* [DATA PROVIDED]:
· · ·
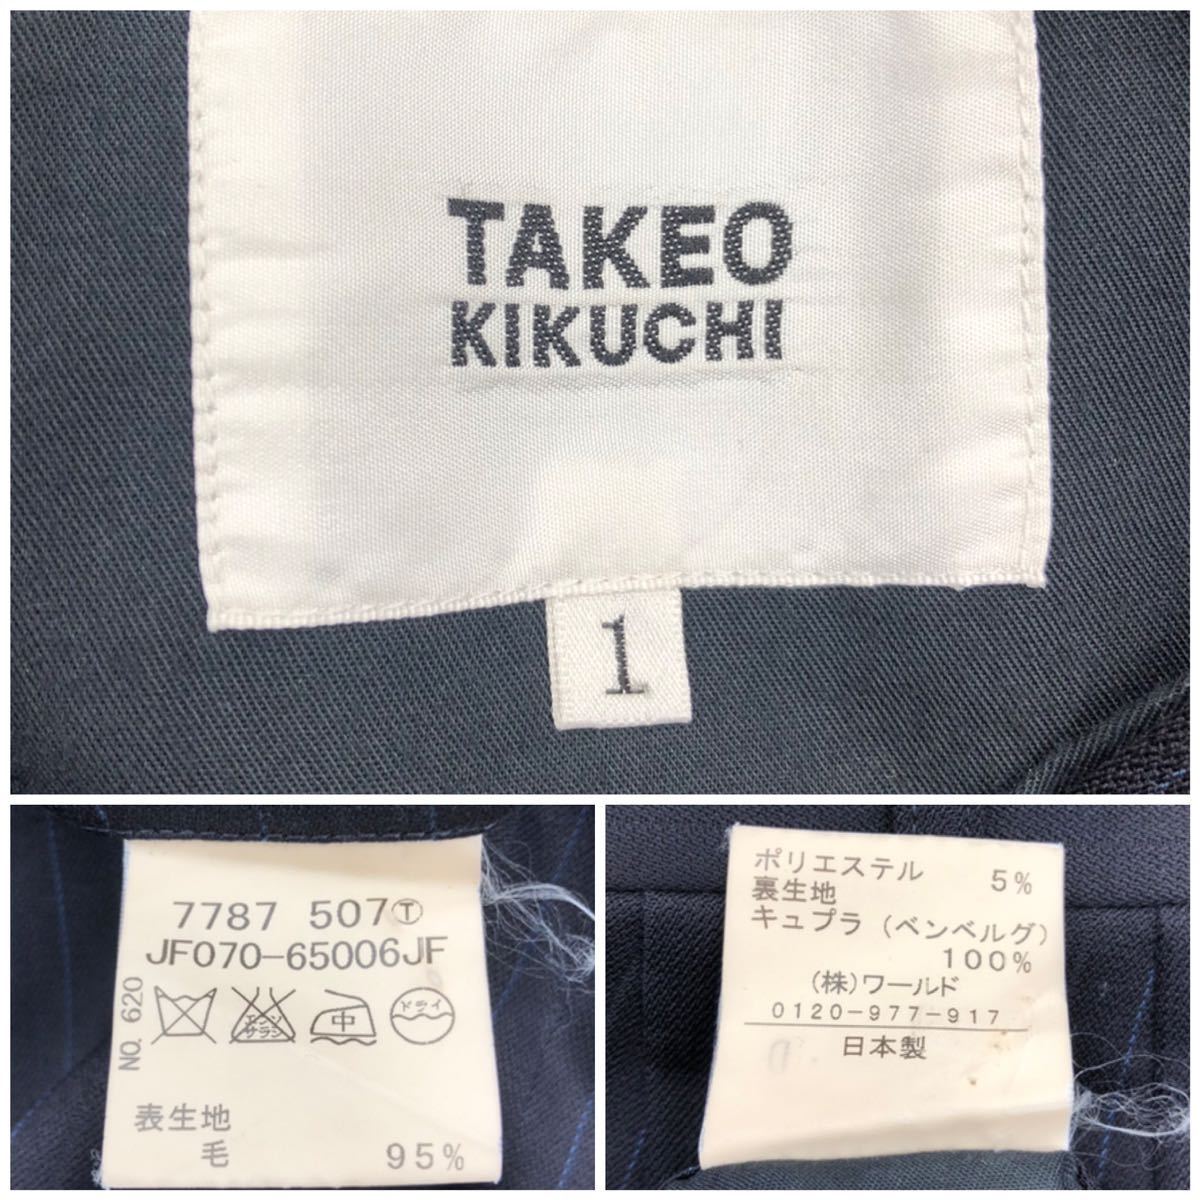 TAKEO KIKUCHI Takeo Kikuchi мужской выставить костюм жакет общий подкладка 2B брюки 1 tuck темно-синий полоса размер 1 S world 
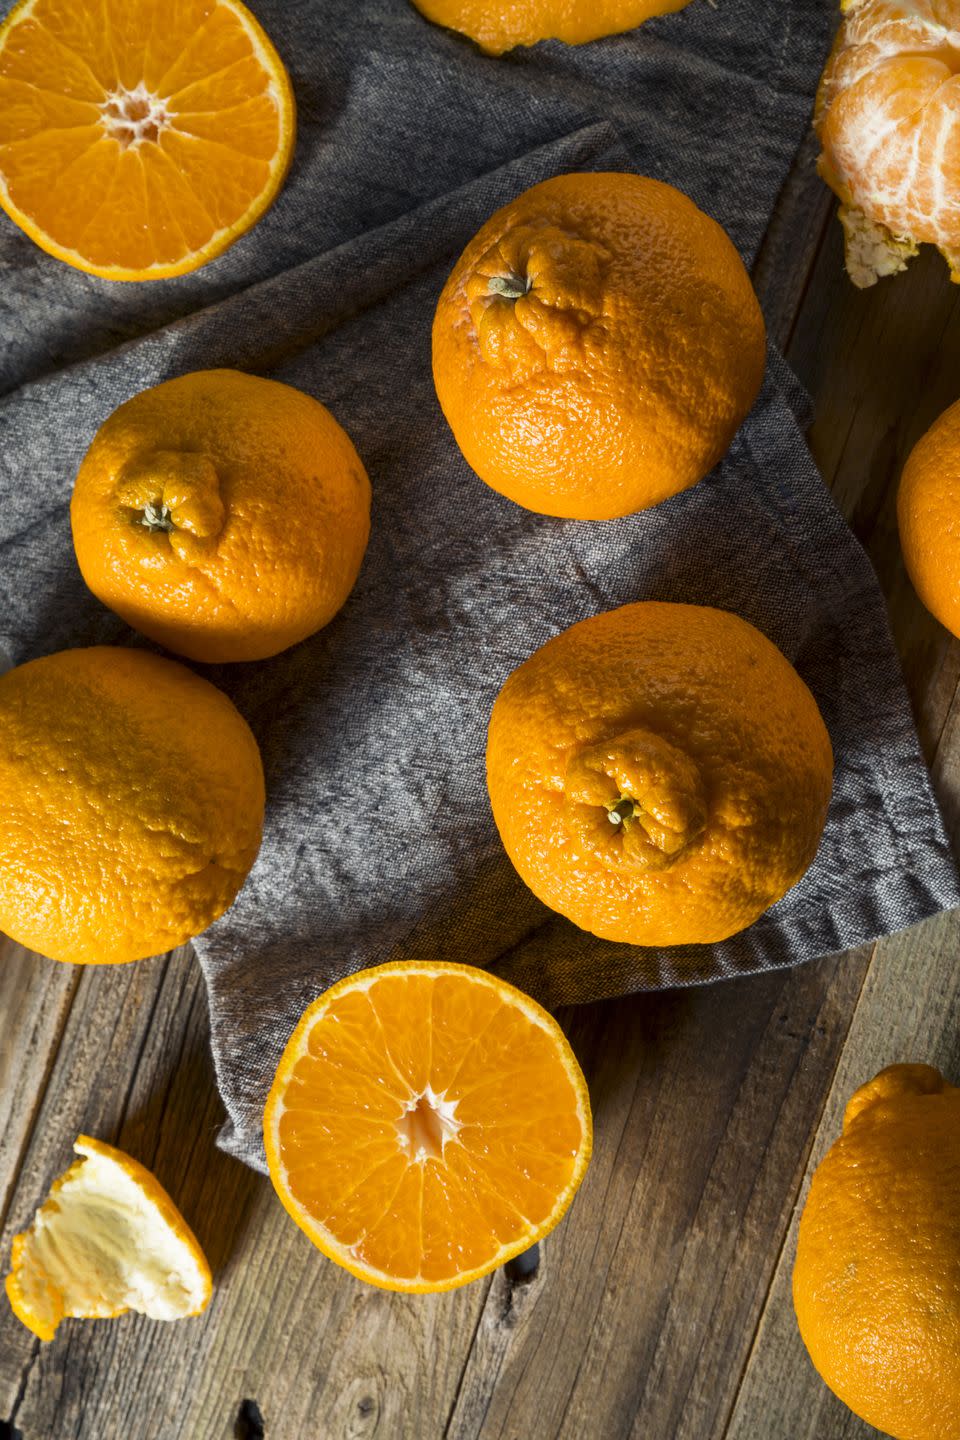 3) Sumo Citrus Oranges
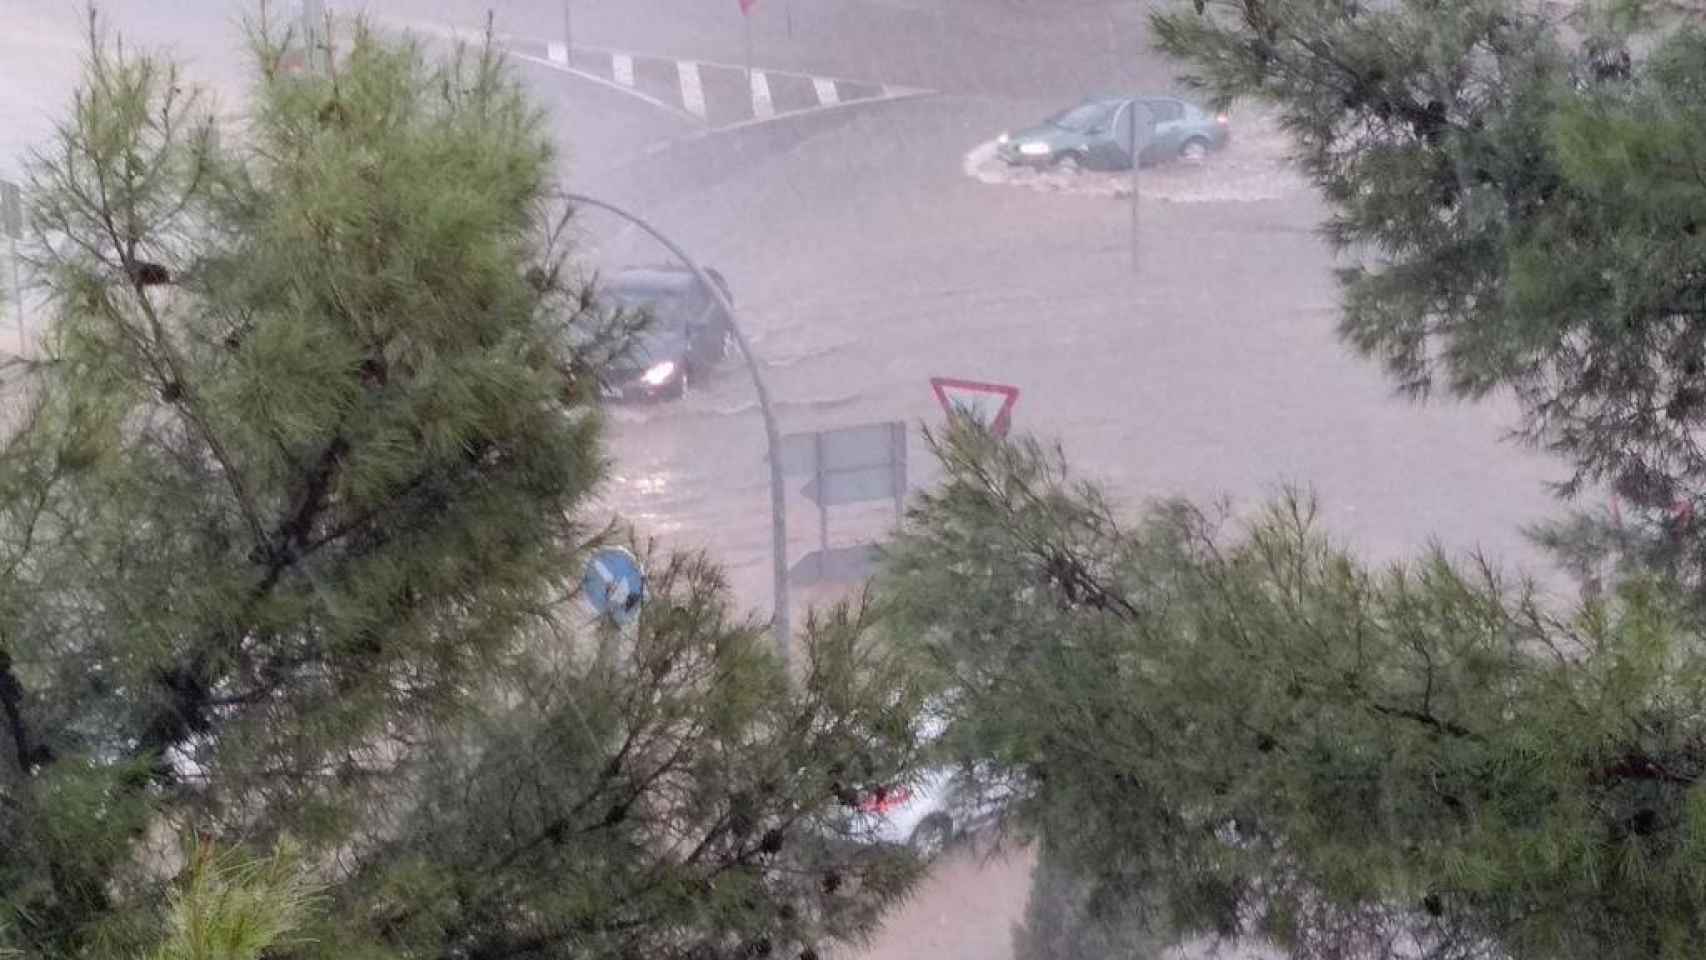 Inundaciones por la tormenta de este domingo en Ciudad Real capital. Foto: Twitter Ayuntamiento de Ciudad Real. Abajo fotos del Twitter de Meteocr
· · ·
* [REQUIREMENT]: The listing above must be repeated exactly. Its pictures are not part of the copy.

* [THE COMPLETED TASK]:
 TAKEO KIKUCHI Takeo Kikuchi мужской выставить костюм жакет общий подкладка 2B брюки 1 tuck темно-синий полоса размер 1 S world 
 3) Sumo Citrus Oranges
 Inundaciones por la tormenta de este domingo en Ciudad Real capital. Foto: Twitter Ayuntamiento de Ciudad Real. Abajo fotos del Twitter de Meteocr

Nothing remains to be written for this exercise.